一本収納タイプだと入らないと困ると思い、2本収納できる少し大きめタイプにしましたが、正解でした。

>FREESE 本革一枚作り 2本収納タイプ(レッド)

この万年筆はクリップがないので出し入れするためには、2本収納タイプの隙間が必要でした。しかし、緩いというわけではなく、逆さにして振っても万年筆が抜け落ちることはありません。

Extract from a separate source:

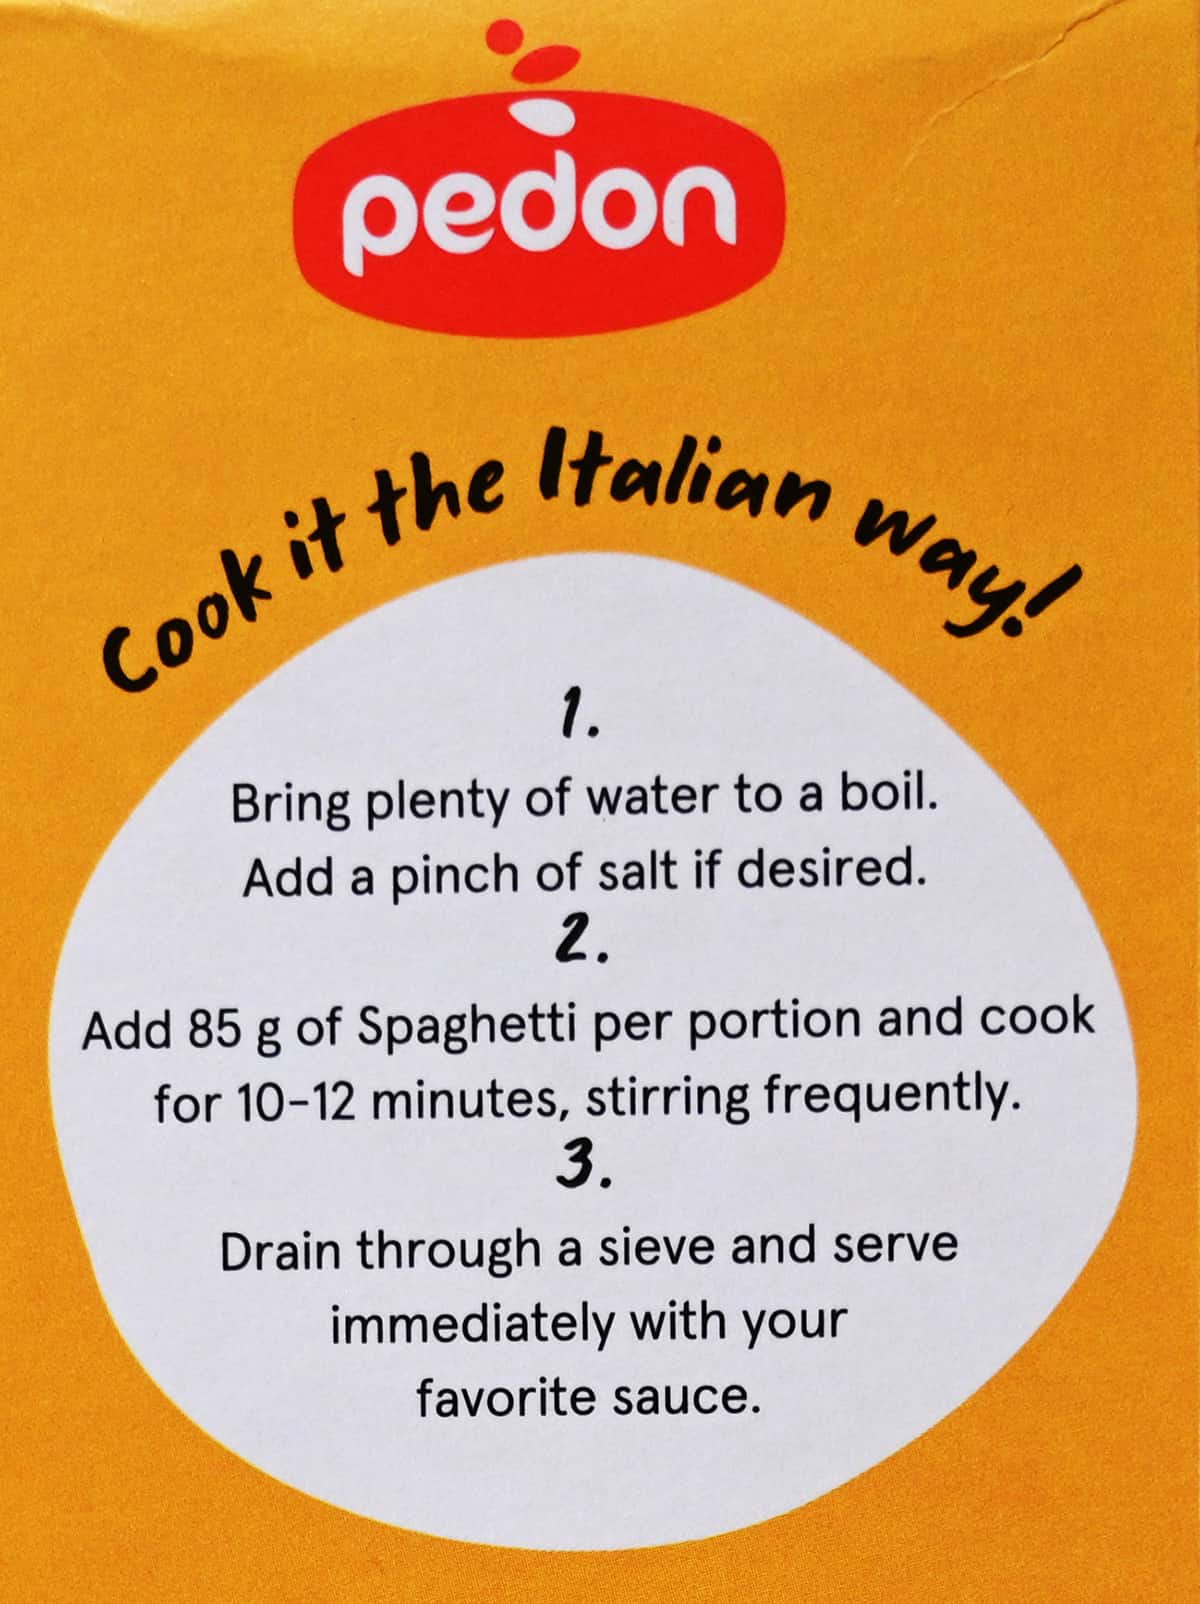 Image of the cooking instructions for the spaghetti from the box.

FREESE 本革一枚作り 2本収納タイプ(レッド)

しっかりと万年筆を収納してくれます。


1本収納タイプ(for カスタムヘリテイジ912)

先に2本収納タイプを保有していたので、カスタムヘリテイジ912 と プロフェッショナルギアのペンケース選びは、2本収納タイプを基準に考えました。

2本の万年筆は、サイズの記載があります。

  • φ15.7mm 140mm(カスタムヘリテイジ912)
  • φ18.0mm 129mm(プロフェッショナルギア)

2本収納タイプだと、カスタムヘリテイジの長さだと上部があらわになってしまいます。

FREESE 本革一枚作り 2本収納タイプ(レッド)

これだと鞄の中で、他のものと擦れてしまう可能性があるので、上部まで覆われる1本収納タイプにしました。

FREESE 本革一枚作り 1本収納タイプ(ブラウン)

ちょうどいい感じです。


1本収納タイプ(for プロフェッショナルギア)

こちらはブルーを選びましたが、ブラウンと比べてレザーの厚さと硬さがかなり異なっていました。

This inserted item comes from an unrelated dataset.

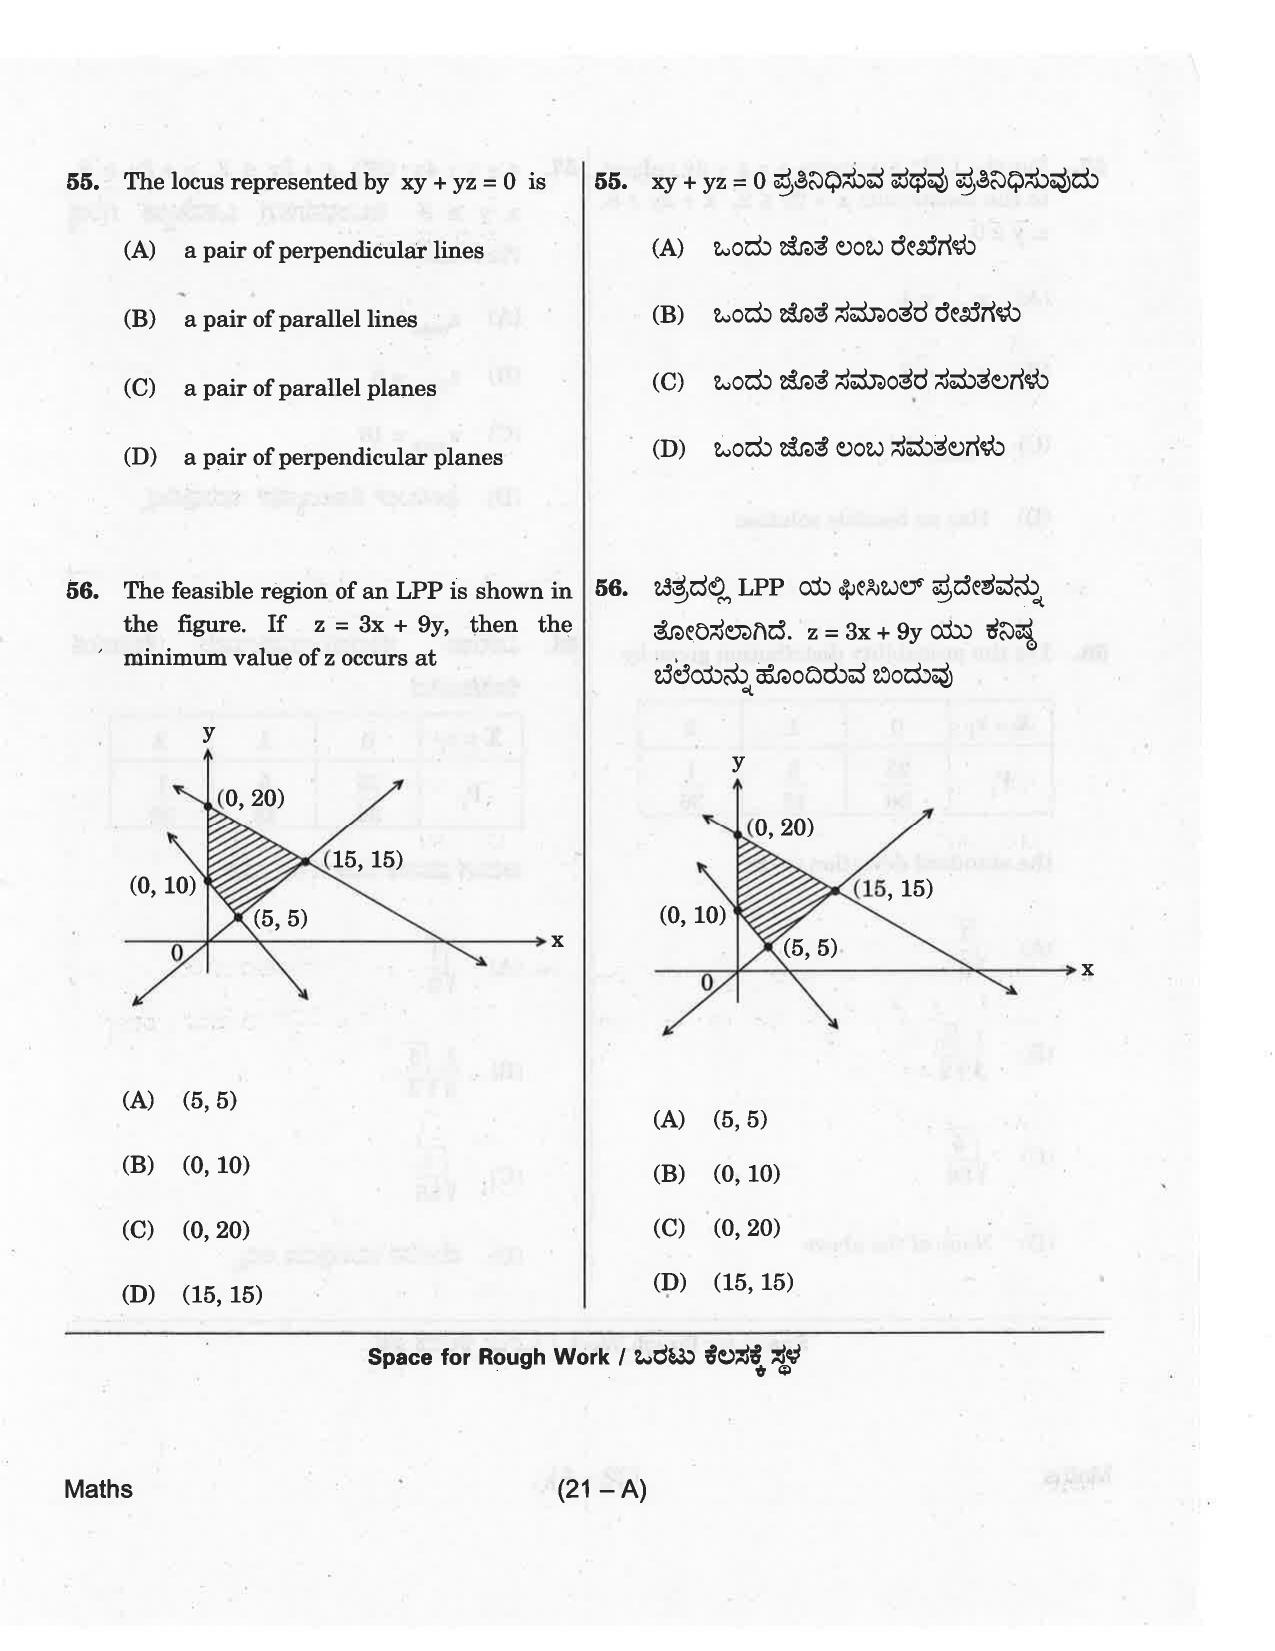 KCET Mathematics 2018 Question Papers - Page 21

FREESE 本革一枚作り 1本収納タイプ(ブルー)

色の違いというよりは、使われている革の品質の違いなのかもしれません。ブラウンと比べてブルーは、かなり柔らかいので、短いプロフェッショナルギアも取り出すことができますが、硬いブラウンの方だと、短い万年筆を取り出すのに苦労します。

短い万年筆用であれば2本収納タイプの方がいいかもしれません。


FREESE ペンケースの使い勝手

高級感あふれる感じではありませんが、シンプルな作りで見た目も悪くありません。

裏地は柔らかく肌触りのよいスエードで、しっかりと万年筆を守ってくれます。内側のスエード生地もポロポロと剥がれてしまうこともありません。暫く使っていると万年筆の形状にも馴染んできます。

革の品質にバラツキがあるのかもしれませんが、1,000円とは思えないクオリティです。長く使うために時折レザー用のクリームを塗っています。

お気に入りの万年筆を持ち運びには、最適なペンケースです。


気がついたらFREESEペンケースが増殖していた(2025.11)

気がつけば手元のペンケースが淘汰され、残ったのはFREESEのペンケースばかりになってしまいました。

WANCHER テラサキ レザーケースとFREESEペンケース

左から、レッド2本差し、ディープグリーン、ブラウンx3、ブルー、レッドx2、ブラック、、

WANCHER(ワンチャー)の万年筆は軸が太いのでWANCHER テラサキ レザーペンケースに収納しています。

普段は万年筆を1本だけ持ち歩いているので、一本差しタイプで十分です。また、万年筆を満遍なく使うために“日替わり”で持ち歩く1本を変えるようにしています。そういう意味でも、一本差しのケースはとても便利です。

FREESEのペンケースが増殖していった理由は単純です。

  • 万年筆全体が保護できる
  • 取り出しやすい
  • 安価である
  • デザインがシンプル

デスクでは一本差しのペンスタンドを

デスクに座っているときは、毎回ケースにしまうのも手間になるので、一本差しのペン立てが便利です。他のペンとぶつかることもないですし、机の上で万年筆が主張してくれます。

COREDA(コレダ)ブラックウォールナット ペンスタンド 1本

ペンスタンドは温もりのある木製を選びました。